Advertisement

Broadcom, Next Level Plan Joint Venture

Share
TIMES STAFF WRITER

Broadcom Corp. today will announce a multiyear joint venture with a Rohnert Park company to transform copper telephone wires into a powerful weapon that telephone companies can wield against cable television operators.

The Irvine chip maker and Next Level Communications Inc., which have worked together for the last several years, plan to co-develop chips for set-top boxes that work with very high speed digital subscriber line, or VDSL, technology.

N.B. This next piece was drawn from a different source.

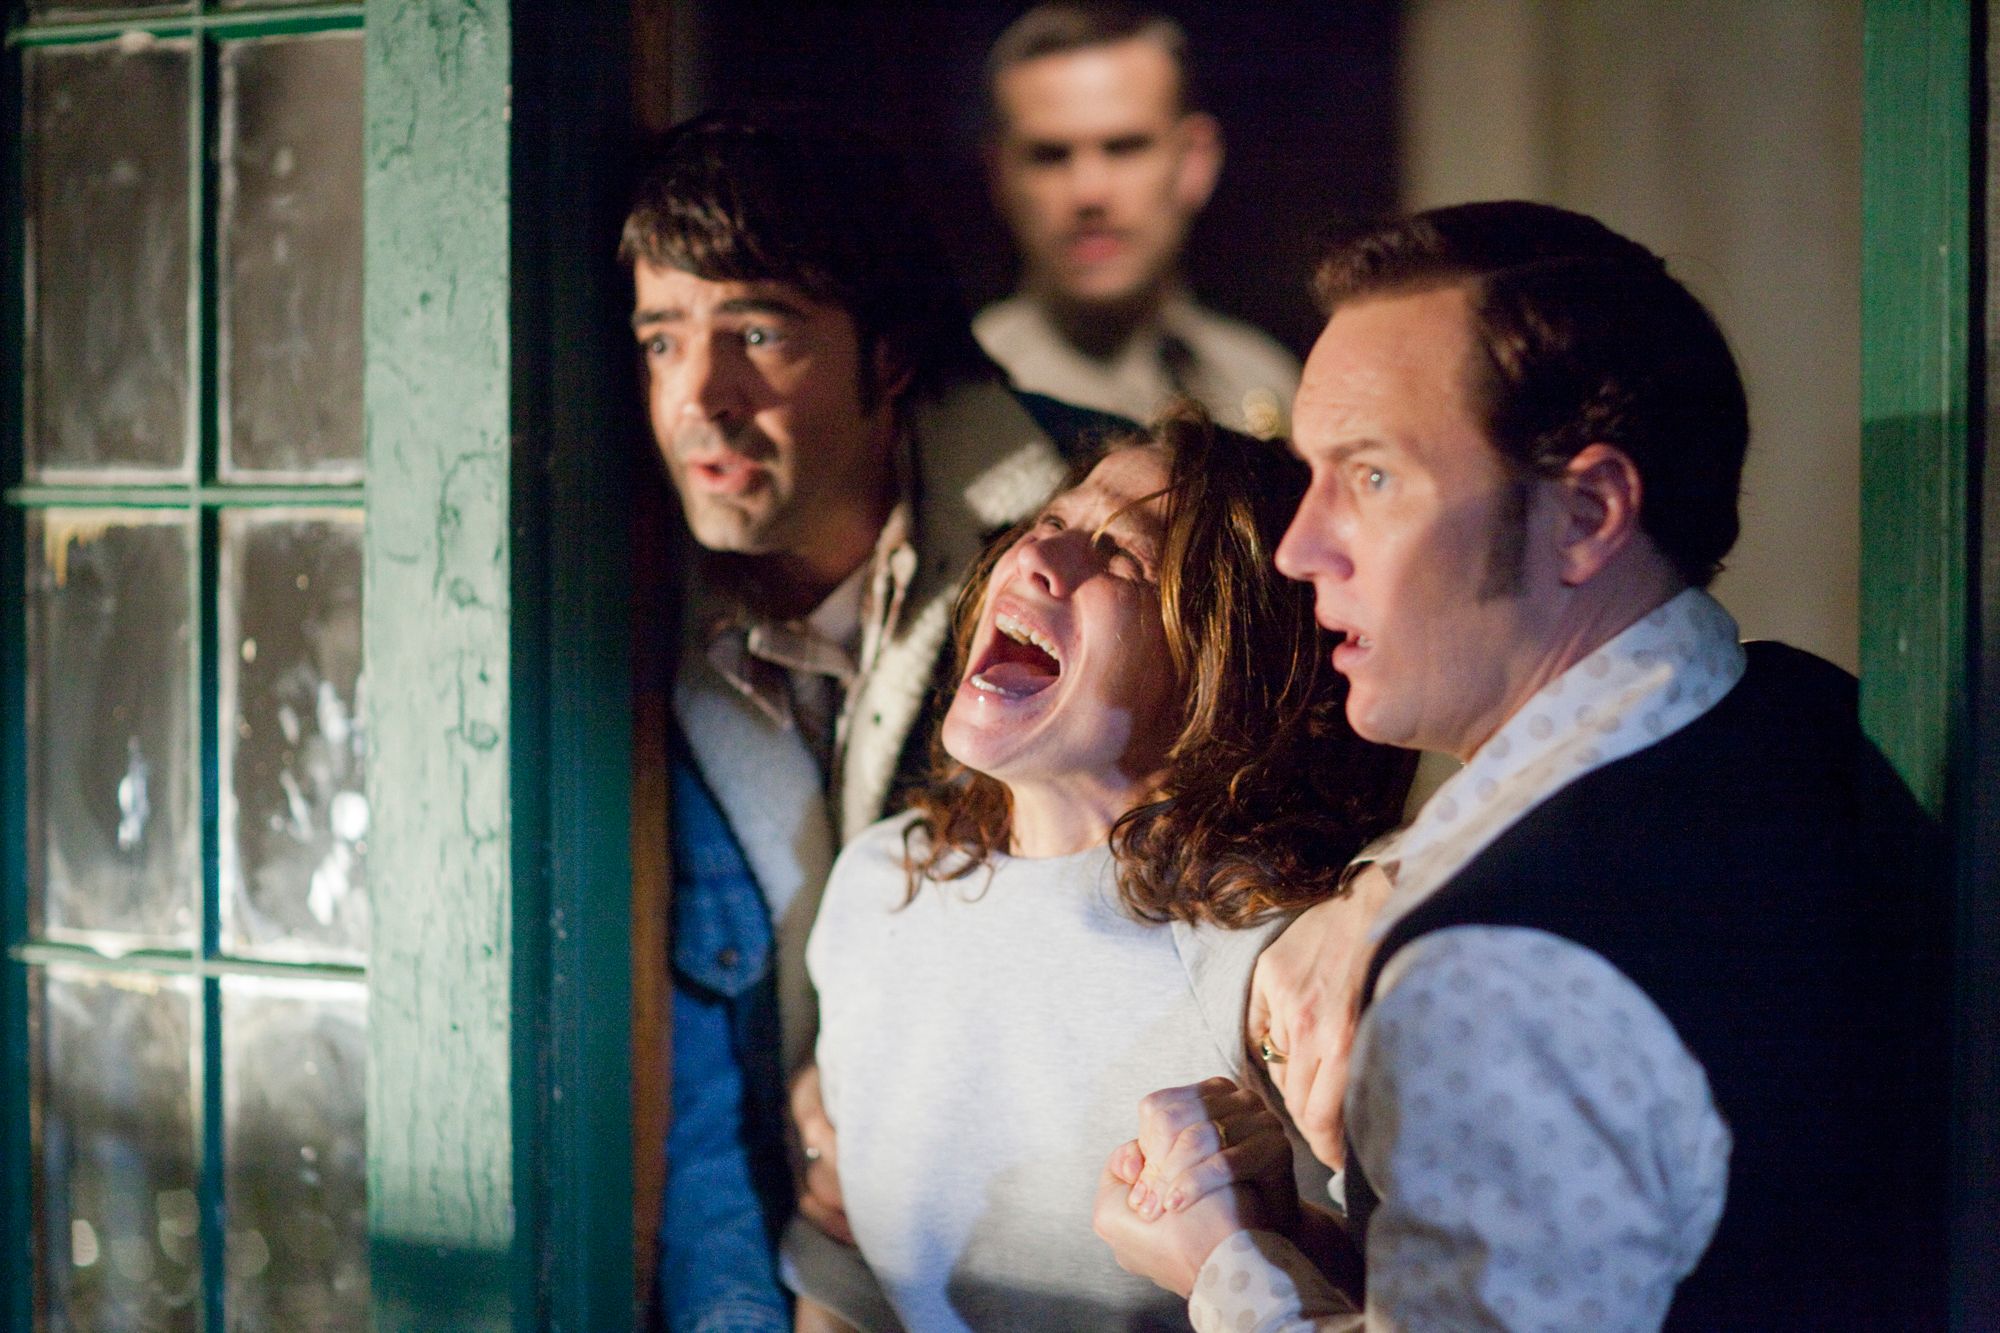 the-conjuring-lily-taylor-patrick-wilson
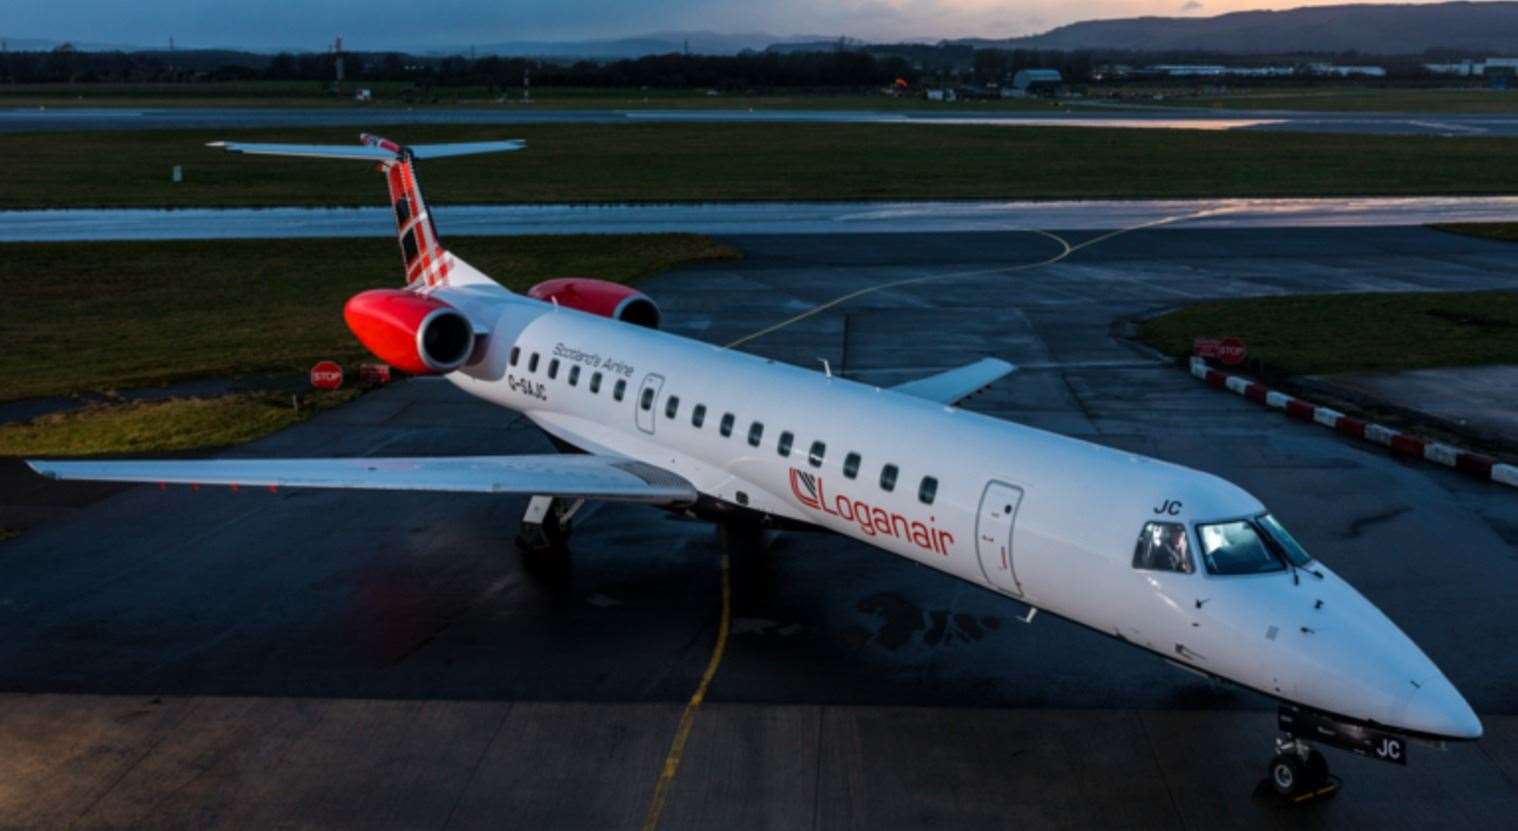 Loganair has said it may need to seek government help to shore up the business.

The chips will go into Next Level’s new line of residential gateways, which are home computers dedicated to handle a variety of electronic tasks.

Advertisement

The set-top boxes, officials say, will let telephone companies offer customers voice, data and video services--and at prices consumers now pay for the same services from a cable network.

“This is really the only means [for telephone companies] to respond to the services being rolled out by AT&T; and Time-Warner” and other cable companies, said Henry T. Nicholas III, Broadcom’s chief executive.

Broadcom and Next Level, which designs high-speed communications equipment, said they will have teams of engineers in San Jose and Irvine working on the project.

Financial details of the venture were not disclosed.

Though promising, the VDSL market remains relatively small partly because telephone companies have been slow to roll out the service.

Yet analysts note that as cable companies gobble up customers with offers of fast Internet access and telephone service, the big telephone firms are starting to push hard to provide such DSL connections.

Indeed, Broadcom today will announce that it has shipped 250,000 VDSL chips to local exchange carriers in the last year.